US policies like tariffs are likely to have a limited direct impact on China equities’ earnings given they generate most (87% of MSCI China revenue) of their income domestically, says StanChart senior investment strategist Fook Hien Yap.
StanChart expects Beijing to unveil more stimulus in phases, likely starting with the upcoming Central Economic Work Conference, to offset the impact of potential US tariffs on China’s business and consumer confidence.
“However, we believe policymakers may prefer to calibrate the size of any stimulus after US policy details are unveiled, likely only after Trump’s inauguration. Furthermore, China is unlikely to rule out a negotiated outcome with the Trump administration,” adds Fook.
StanChart favours the “non-financial, high dividend-paying state-owned enterprise sector” for its stable income and less exposure to properties. The bank also prefers the Hong Kong-listed technology sector for its strong cash flows, share buybacks and position as stimulus beneficiaries.

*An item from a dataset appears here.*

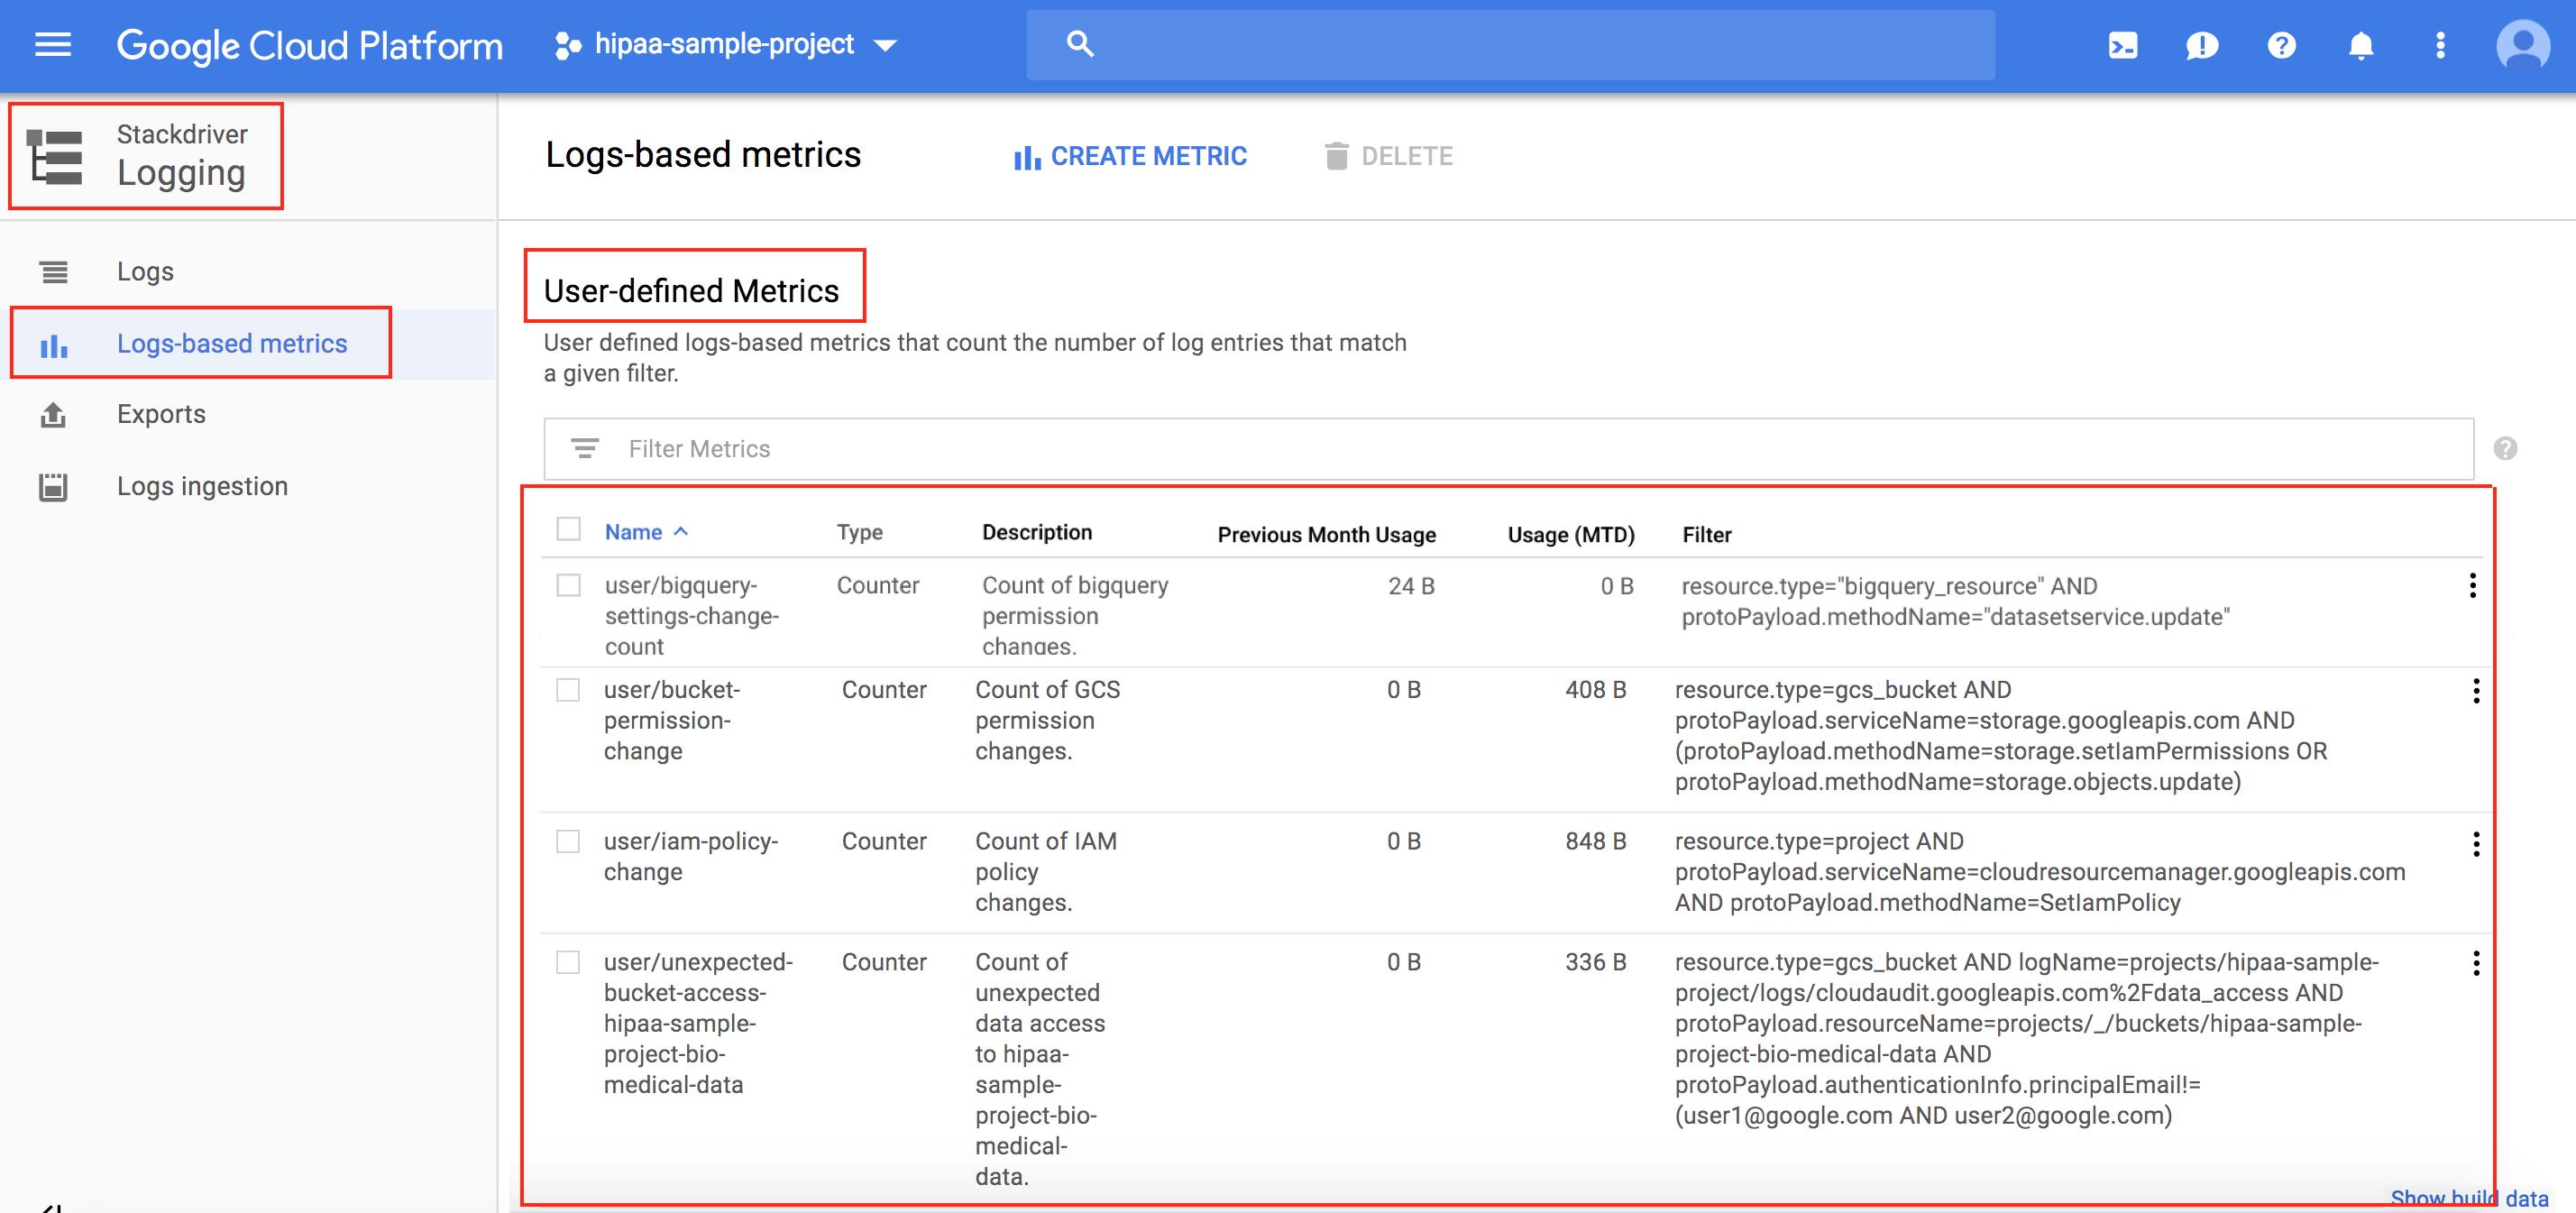 CloudLogging muestra métricas basadas en registros que están configuradas para contar incidentes de actividades sospechosas

“We focus on non-financials sub-sector, which are less exposed to the troubled property sector; and the Hang Seng technology sector for a valuation re-rating when more policy stimulus is rolled out,” says Fook. “Companies in this sector also generate strong cash flows, which are used for share buybacks. This barbell approach would provide exposure to income stability along with higher beta gains when China unveils more stimulus.”